Alles, jederzeit, überall – der verlegerische Maßanzug erzwingt die Skalierung des Inhaltsangebotes über die eigenen Verlagsgrenzen hinaus und erfordert neue Denkweisen und Fähigkeiten, die sich nicht mit dem Printgeschäft decken. Die Verleger müssen sich entscheiden, diese "Skalierung" den Nicht-Verlagen zu überlassen und ihre Mediengattungs- und Verlagsportfolio-Zäune im Internet zu verteidigen oder diese selbst in Angriff zu nehmen. Meine Skalierungs-Erfahrungen aus der spitzen, durch paid content Mauern abgeschotteten Fachinformationswelt sagen mir: die Google’s heute beschäftigen sich derzeit „nur“ mit der „Erschließung“ der bislang digitalisierten (kopierten) Printprodukte. Dies möchte ich nicht abwerten, ganz im Gegenteil, dies ist, aus Sicht des Kunden, eine auch gesellschaftlich wichtige Aufgabe, die den einzigen „Schönheitsfehler“ hat, dass sie dem traditionellen Geschäftsmodell der Verlage zu schnell zu viel Umsatz entzieht.

Der erste (Denk-)Hebel, den man auf diesem Weg zur „Skalierung der Inhalte“ umlegen muss, ist, sich vom bisherigen produktspezifischen Produktionsprozess zu lösen, und die maximale Skalierung aller dienenden Prozesse zu starten, mit dem Ziel, die daran hängenden Kosten Richtung Null zu führen. Die Benchmarks hierzu werden von den globalen Plattformen vorgegeben.
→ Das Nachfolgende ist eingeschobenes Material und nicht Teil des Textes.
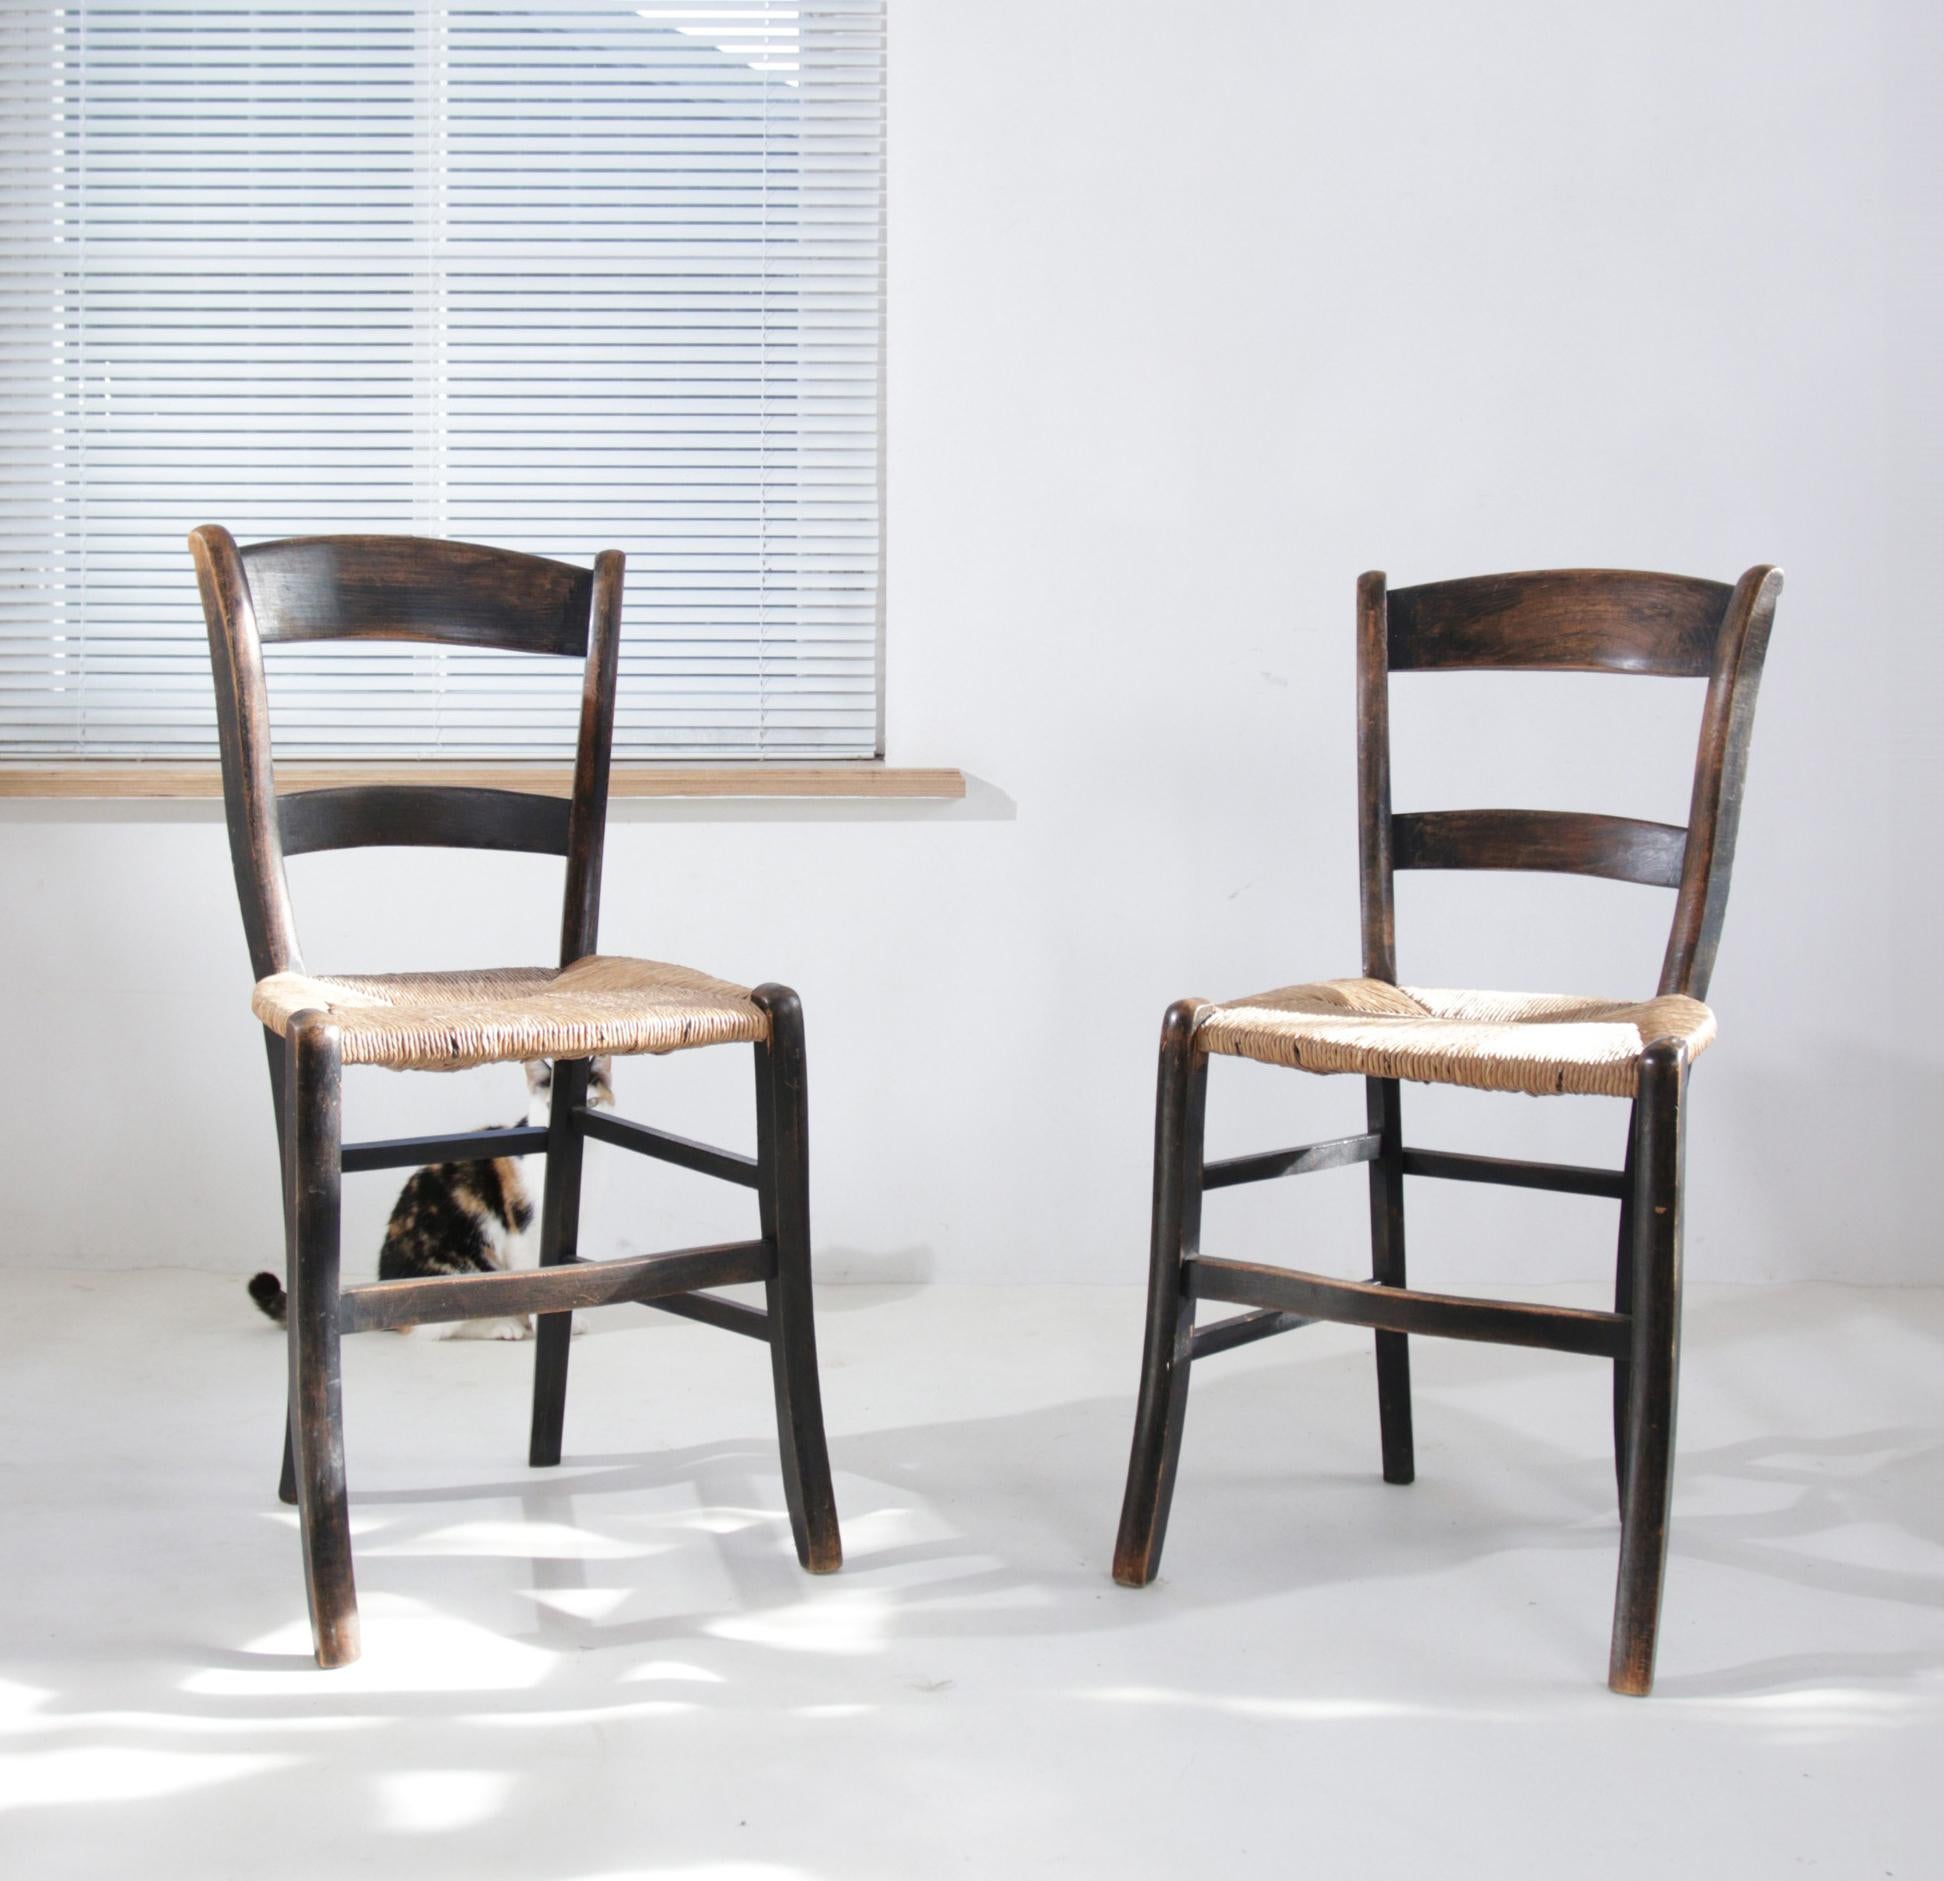 Ces élégantes chaises en bois, datant vraisemblablement du début ou du milieu du XXe siècle, sont emblématiques du savoir-faire artisanal de l'époque. Le cadre en bois, de couleur sombre et d'une simplicité gracieuse, allie la fonctionnalité à une
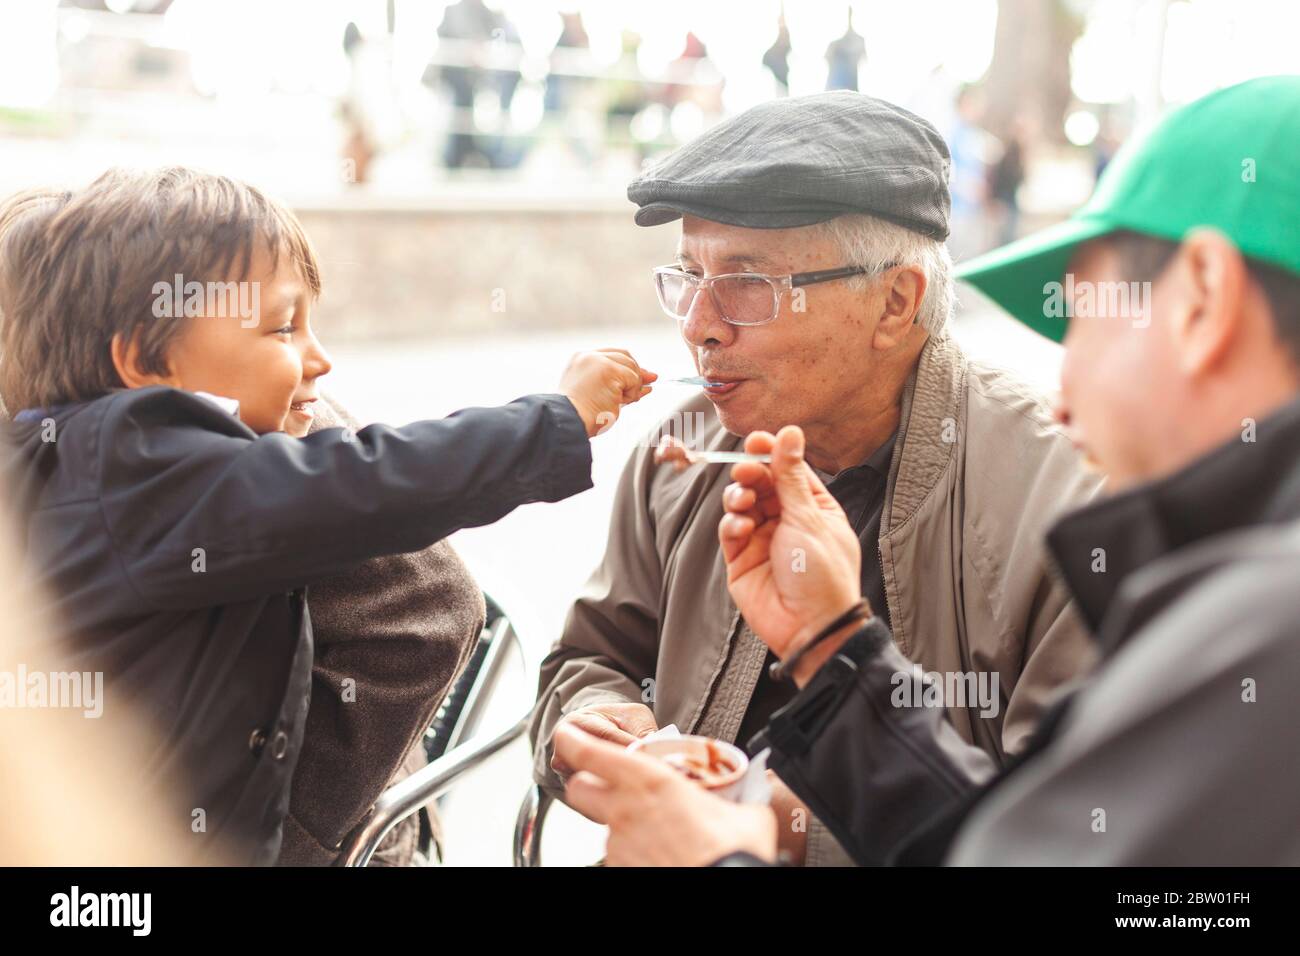 Grandson and granpa sharing ice cream Stock Photo

Facebook, eine einzige Plattform für Inhalte und Kommunikation für 400 Millionen User. In der Printwelt sind es die Verlage gewohnt, in „Plattformen“ für wenige Tausend Leser zu denken. Die Folge: Tausende von Print-Produkten wurden aus guter alter „Gewohnheit“ als Inselprodukt ins Internet portiert. Die Print-Marke wird, „expand your brand“ sei dank, crossmedial ins Internet verlängert und erhält ihre eigene Internetplattform. Dieser Weg ist offensichtlich notwenig als Lernkurve und Zwischenschritt. Es ist jedoch noch nicht der Weg in die langfristige verlegerische Internetwelt (siehe hierzu auch den Blog-Beitrag „Apple verändert alle Medien“).
Eine weitere unverzichtbare Fähigkeit auf dem Weg zur Skalierung sei an dieser Stelle nur kurz erwähnt, nämlich die Fähigkeit strategische Kooperationen eingehen zu können. Hierauf werde ich in These 10 näher eingehen.